### [PROBLEM TO WORK ON]
Take the data below and write it out exactly, except for the pictures.

### [RECORDED DATA]
------------

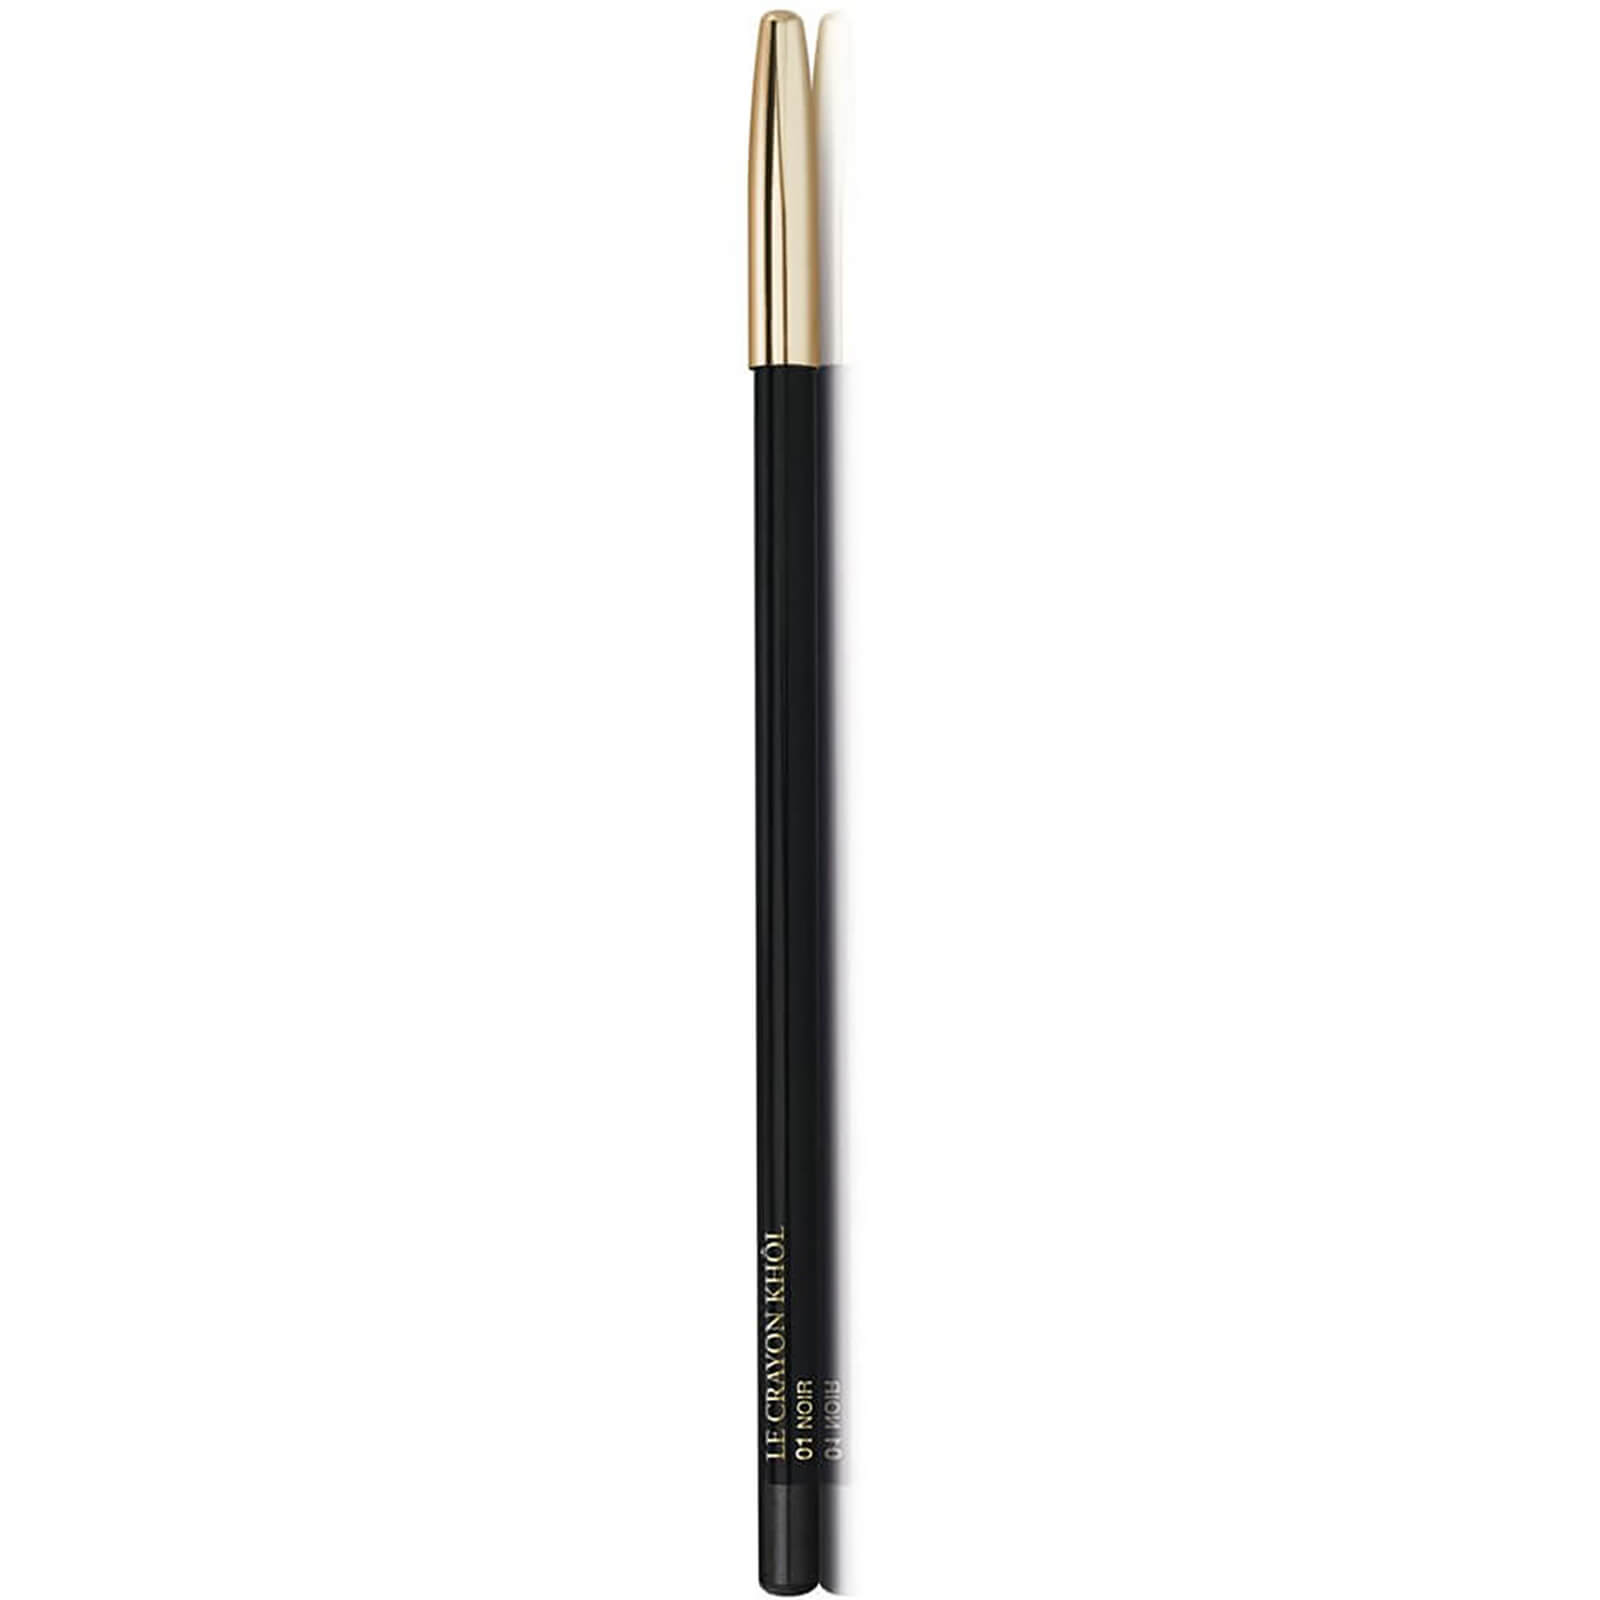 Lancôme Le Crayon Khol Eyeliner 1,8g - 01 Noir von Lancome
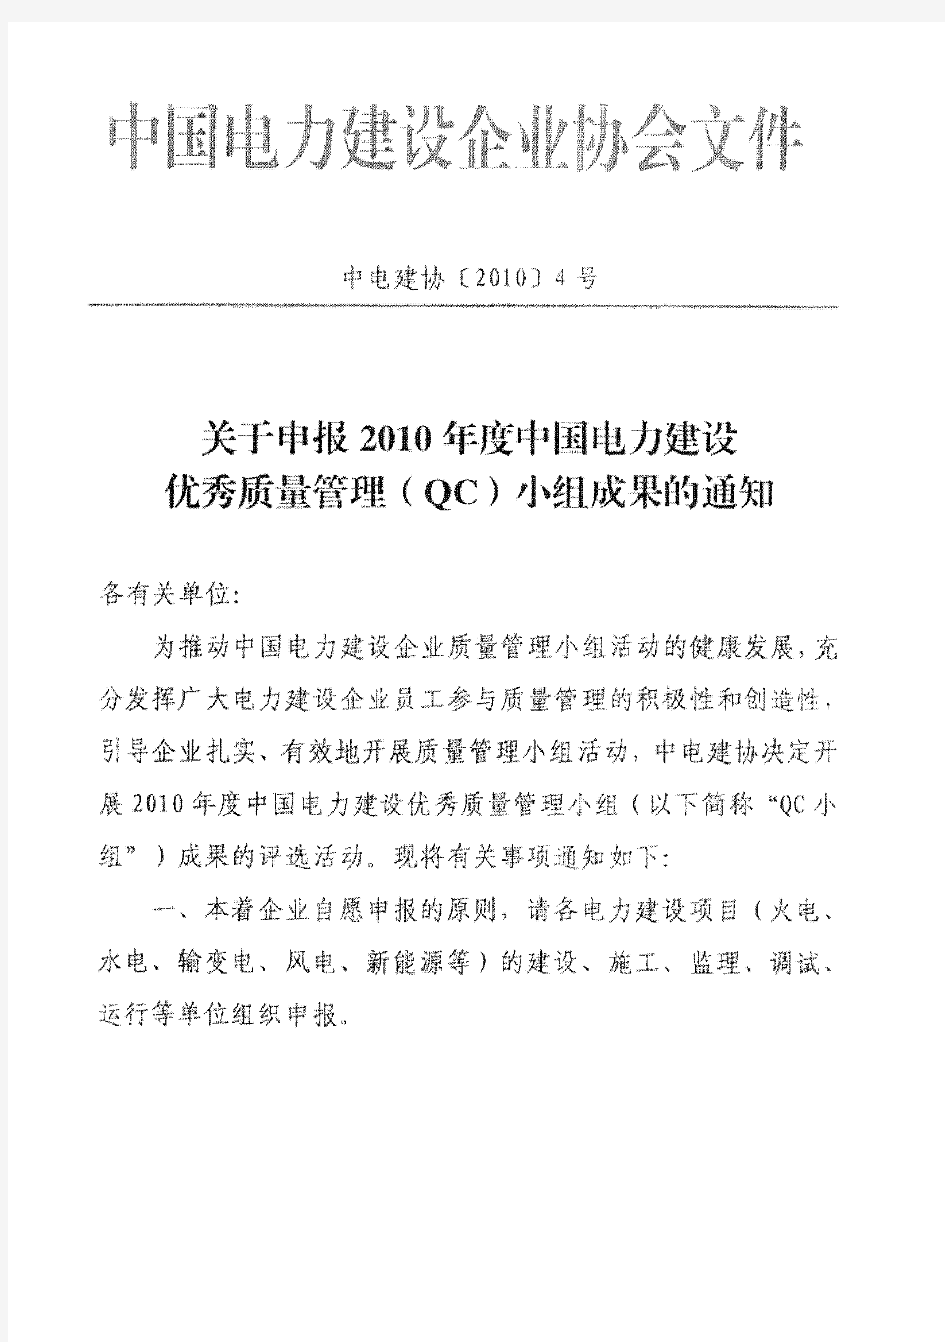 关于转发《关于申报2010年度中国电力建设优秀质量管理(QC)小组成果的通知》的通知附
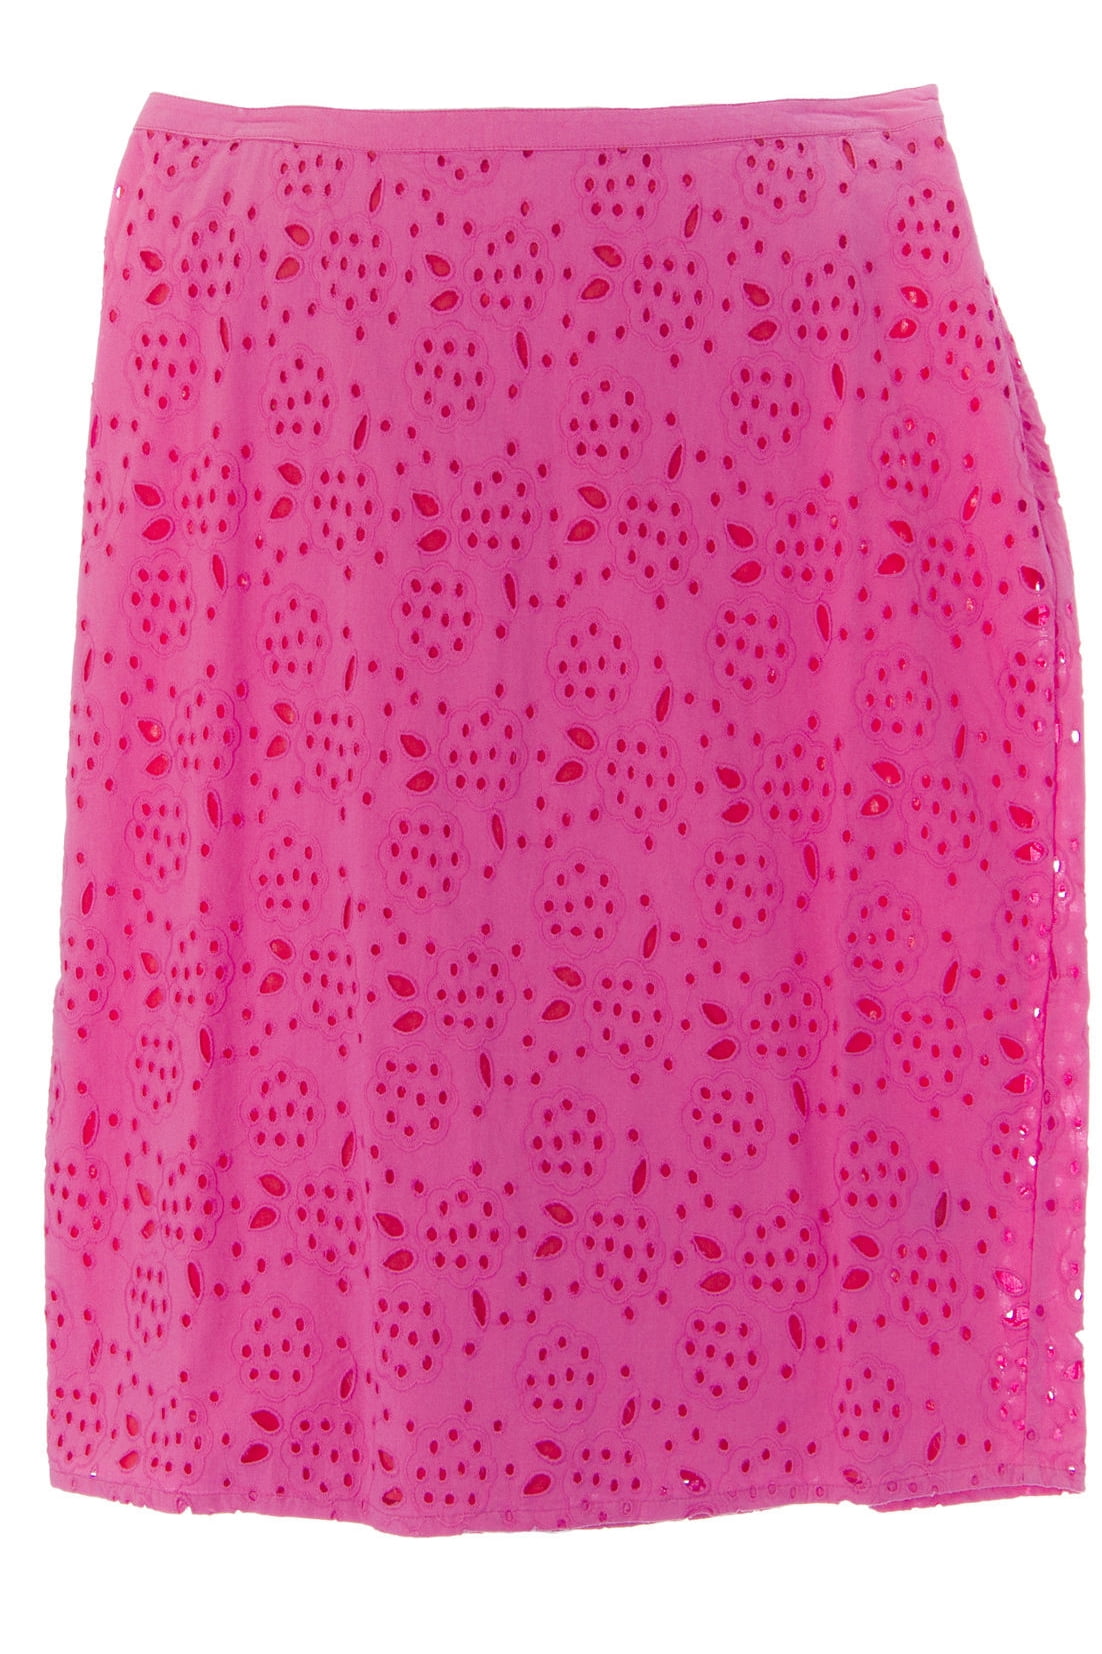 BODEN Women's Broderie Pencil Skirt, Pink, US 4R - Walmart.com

------------

### [RESPONSE TO THE TASK]
 Lancôme Le Crayon Khol Eyeliner 1,8g - 01 Noir von Lancome
 关于转发《关于申报2010年度中国电力建设优秀质量管理(QC)小组成果的通知》的通知附
 BODEN Women's Broderie Pencil Skirt, Pink, US 4R - Walmart.com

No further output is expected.